BOOKSHELF: Assassination handbookA History of Political Murder

Published 8 June 2021

Michael Burleigh explores the many facets of political assassination, explaining why it is more frequent in certain types of society than others and asking whether assassination can either bring about change or prevent it, and whether, like a contagious disease, political murder can be catching.

Review of Michael Burleigh, Day of the Assassins: A History of Political Murder (2021)

“In times like these we have to rue that Britain has only a paltry tradition of political assassination,” Jonathan Meades writes in Literary Review. “This, I’d propose, is not a mark of civilisation but of timidity and the eschewal of realpolitik.”

To overcome our squeamishness, we might gainfully study this breathless race through two thousand years of special pollarding, which might have been more aptly named ‘Assassination: A Handbook’, for it is, among much else, an inventory of means and methods: blades, blunt objects, poisons and toxins, guns and ammo, shots from motorcycles, bombs, defenestration and plump cushions.

Meades notes that Burleigh is dubious about the beneficial effects of governmentally sanctioned killing.

However, a perhaps unforeseen outcome of his relentlessly sanguinary book is the implication that the planet, far from being sullied by opérations ponctuelles, might be a happier place were a few more tyrants to be treated to well-aimed headshots.

Assassinations are tactical instruments and tools – if not also proxies – of war. They are, equally, evasions of war and bulwarks against tyranny.

Hitler was a frequent target for would-be assassins. A German communist names Georg Elser’s failed in his attempt on Hitler’s life in November 1939, ten weeks after war had been declared. Five years later, in July 1944, a bomb nearly killed Hitler in Berchtesgaden. The late Joachim Fest, the editor of the Frankfurter Allgemeine Zeitung and a Hitler Biographer, estimated that in the ten months between the failed 1944 plot and the Nazi surrender in May 1945, 4.8 million Germans died. Burleigh goes further, suggesting that had Elser’s 1939 bomb succeeded, “there might not have been a lengthy war at all; none of Hitler’s peers possessed his charisma or oratorical skills, and the army high command might have swept them aside.”

Burleigh explores the many facets of political assassination, explaining why it is more frequent in certain types of society than others and asking whether assassination can either bring about change or prevent it, and whether, like a contagious disease, political murder can be catching.

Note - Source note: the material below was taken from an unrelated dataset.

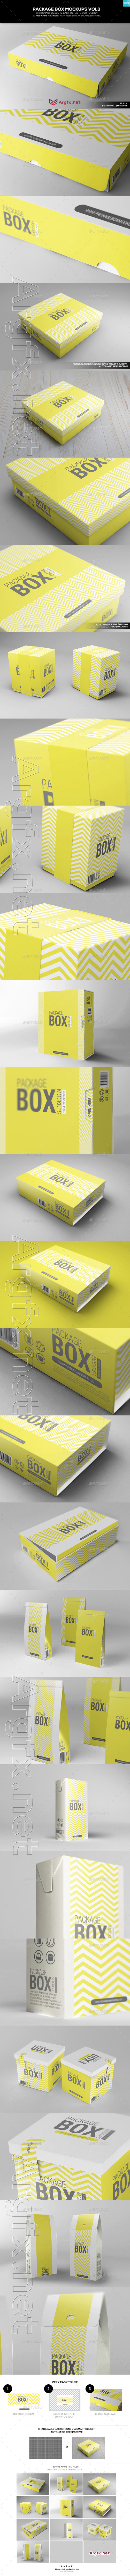  GraphicRiver - Package Box Mockups Vol3 8797989

Burleigh’s book consists of much more than commentary and context. Every page is weighted with names of operatives in the death business: victims and culprits, executants and collaterals, backroom technicians, black-ops tacticians, the pseudonymous and the disguised whose trade demands not merely cold blood but the ability to cover their tracks.

In his afterword, Burleigh, eager to put a lid on the topic in which he has immersed himself to the point of satiety, writes of assassins that ‘in most cases what they did on their big day had no real consequences other than to temporarily discombobulate a society with an act bound up with their own life stories and personalities’. This is surely an underestimation of both the assassin’s power and the dire litany of killings that fills this harshly excellent book. Certain eras have been defined by assassinations, and others by those that failed or were not attempted. Mossad could have wasted Ayatollah Khomeini when he was hiding in plain sight at Neauphle-le-Château outside Paris, and so might France’s DST. But the Shah advised President Giscard d’Estaing’s right-hand man Michel Poniatowski against such an action, with the results that we see today.